The request that kicked this off was simple enough: the developers wanted an AI coding assistant in their editors. The constraints were where it got interesting. No AWS credentials on laptops. No third-party SaaS that meant a data-handling review. And whoever set it up had to be able to answer "who spent what" when the bill showed up.

AWS Bedrock solved the backend question. The models are good, inference stays inside our account, and there's nothing to sign off on legally. The trouble is everything sitting in front of Bedrock.

Here's the mismatch. Bedrock has its own API and authenticates with AWS SigV4. The tools developers actually reach for — Continue.dev, Cursor, aider, a big chunk of the LangChain ecosystem — all speak the OpenAI API instead: POST /v1/chat/completions, an Authorization: Bearer header, done. So if you want your team using their preferred tools against Bedrock, something has to bridge those two worlds.

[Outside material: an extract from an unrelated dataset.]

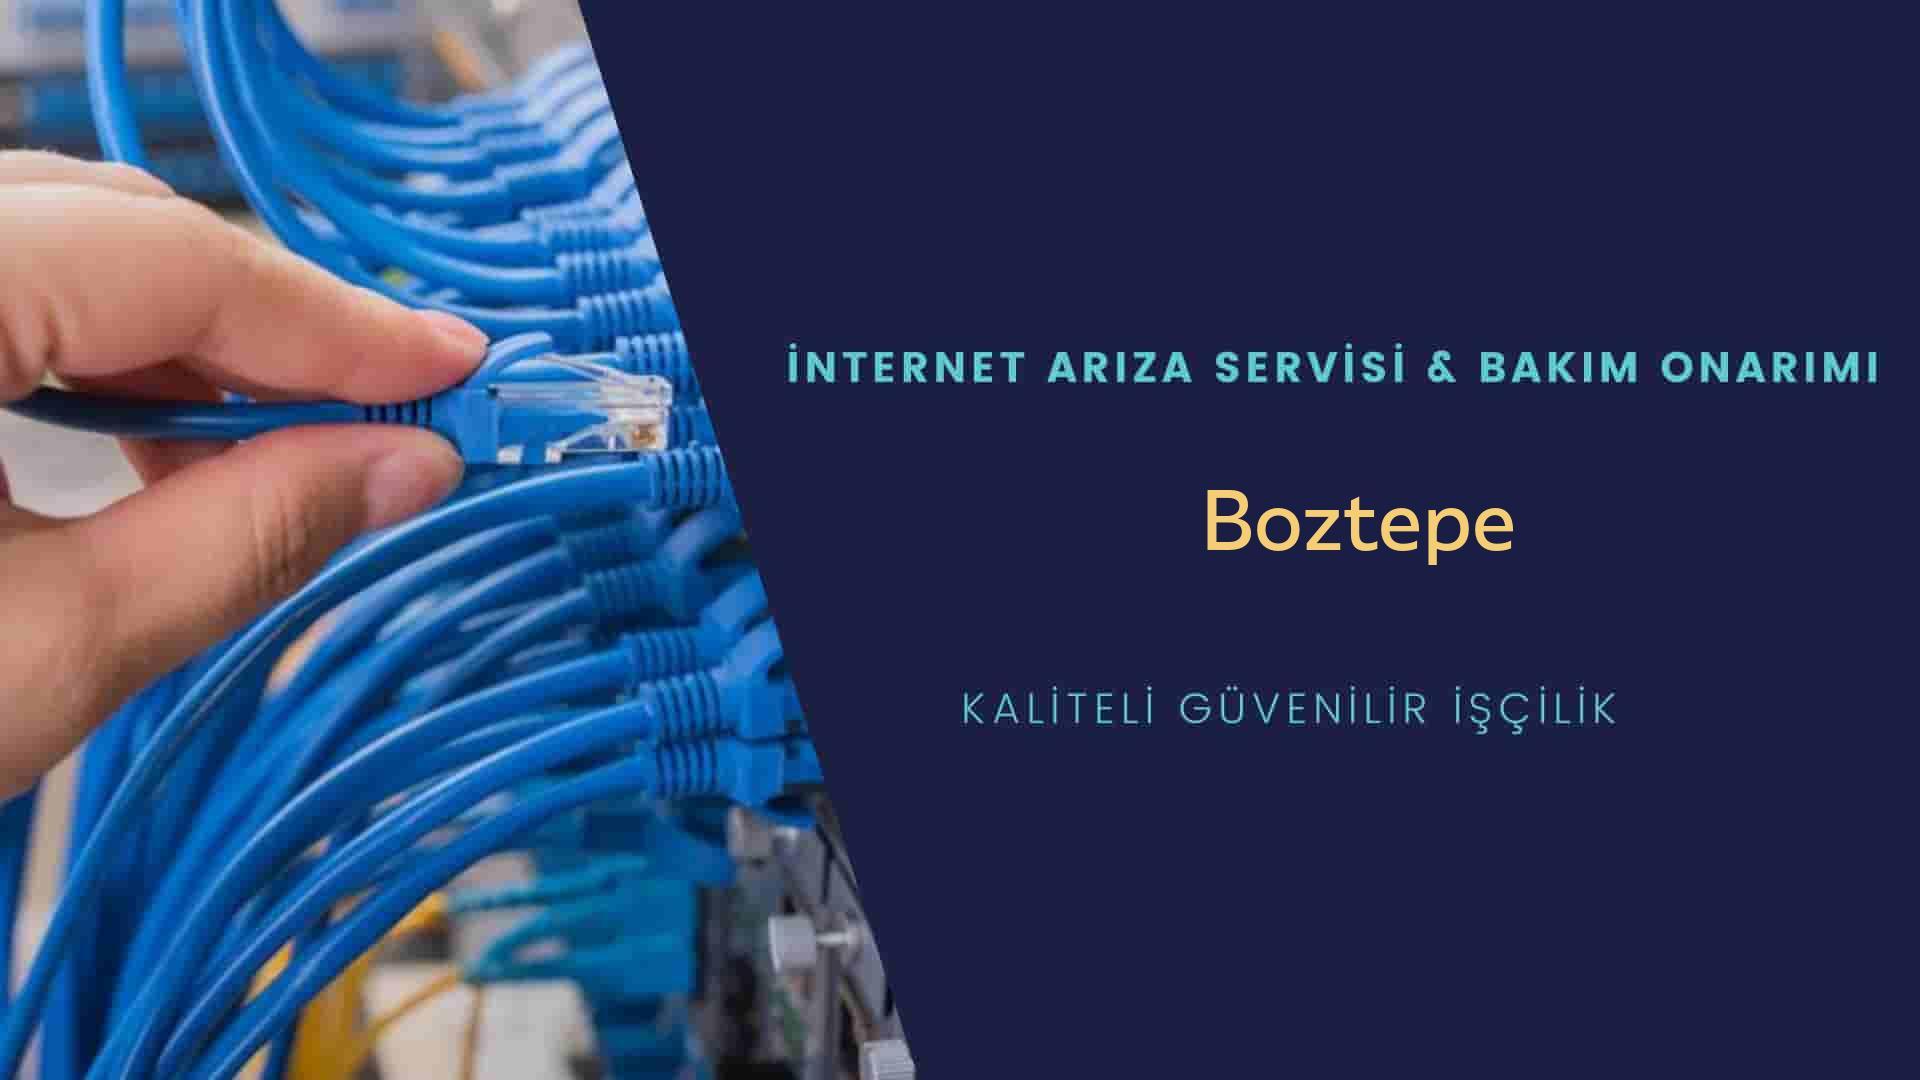 Boztepe internet kablosu çekimi yapan yerler veya elektrikçiler mi? arıyorsunuz doğru yerdesiniz o zaman sizlere 7/24 yardımcı olacak profesyonel ustalarımız bir telefon kadar yakındır size.

The naive bridge is to mint an IAM user per developer so their editor can sign requests. Don't do this. You'll have AWS credentials scattered across a dozen machines, no per-person attribution, and no way to throttle or cut off one person without going and editing IAM policies. I went a different way: a small gateway that speaks OpenAI on the front, Bedrock on the back, and owns auth, rate limiting, audit logging, and cost tracking in between.